信長はしばらく家康の言葉を考え込み、やがて深く息を吐き出した。「天下を取るために犠牲はつきものだ。それを理解しない者がなぜ天下を語れるか?」

家康は固い表情を崩さず、「それでも無駄は無駄です。天下を取るには、その資金が必要なのですから。」

4. 秀吉の仲裁

この激しいやり取りを察知していた秀吉は、社内会議室で信長と家康を再集結させることにした。二人の意見の相違は会社にとっても大きな問題となりつつあった。秀吉は二人を見渡しながら、温和な笑顔で言葉を切り出した。
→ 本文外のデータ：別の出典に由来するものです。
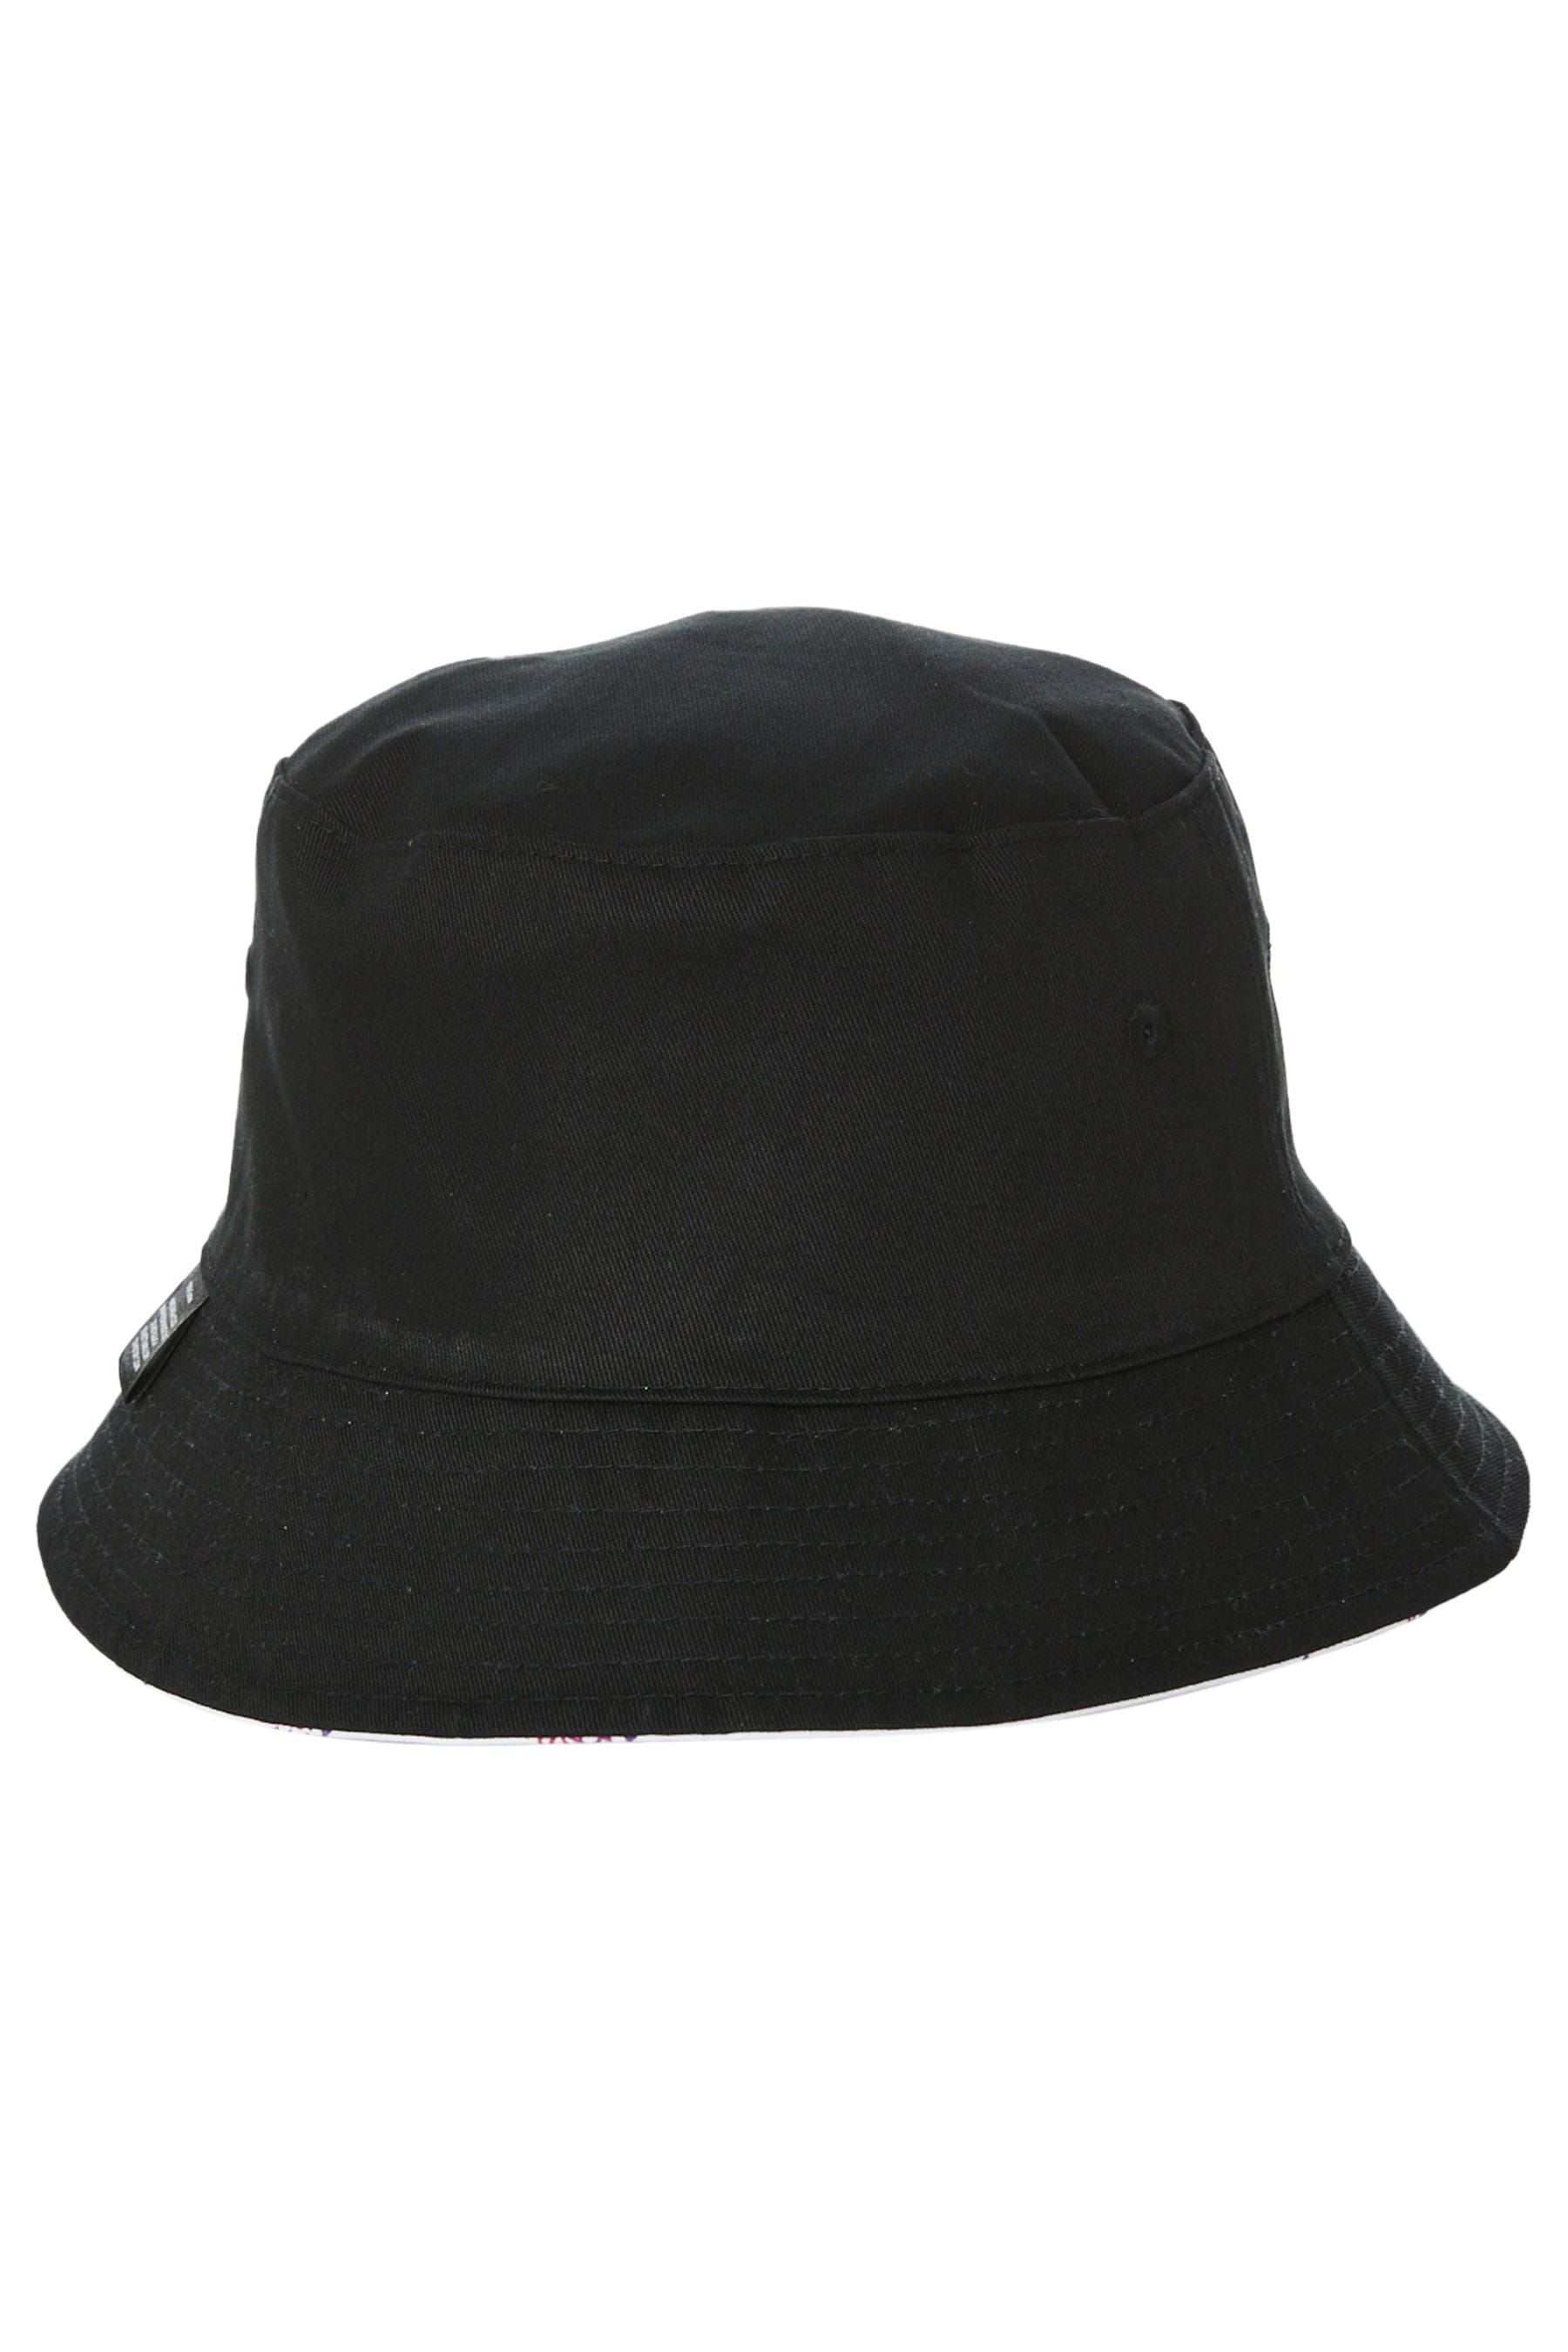 Full Send Revo Mens Bucket Hat - Black Black

「お二人とも、それぞれの立場で大変お疲れ様です。信長様は攻める経営が信条で、家康様は守る経営が信条。しかし、目的は同じ、会社の発展と天下を取ることです。」

信長が「ならば家康がわしのやり方に従えば良いだけだ」と口を挟むが、秀吉は続けて、「それも一理あります。しかし、家康様の懸念も理解できます。そこで、少し支出を抑えつつ、攻めるべきところにはしっかりと投資をするのが賢明かと考えます。」と冷静に提案をする。

「具体的には?」信長が秀吉に尋ねると、秀吉はにこりと微笑みながら言葉を続けた。「たとえば、今後の接待や人脈作りはより効果的な場所で行い、ワインや食事に関しては少しだけ控えめにしてみてはいかがでしょうか?」

家康もその案には納得し、信長も渋々ながら同意の意を示した。「わかった。しかし少しでも経費を削りすぎて、わしの影響力が落ちたらどうする?」と信長が釘を刺すと、秀吉は「その時はまた対策を講じます。まずは小さく試し、そこから学んで調整するのが良いかと存じます」とフォローする。

5. 最終確認と信長の譲歩

その後、家康は再び支出の計画を見直し、信長の浪費をできる限り抑えつつも、必要な部分には柔軟に対応する方針を固めた。信長も次第に「堅実経営」という新たな考えに少しずつ馴染んでいく。

信長は最初こそ不満げだったが、家康と秀吉の的確なフォローにより、自らの方針に微調整を加え始める。これにより、会社の資金状況は徐々に安定し、信長も「少しは堅実な方針も必要かもしれぬ」とぼやきつつも、理解を示した。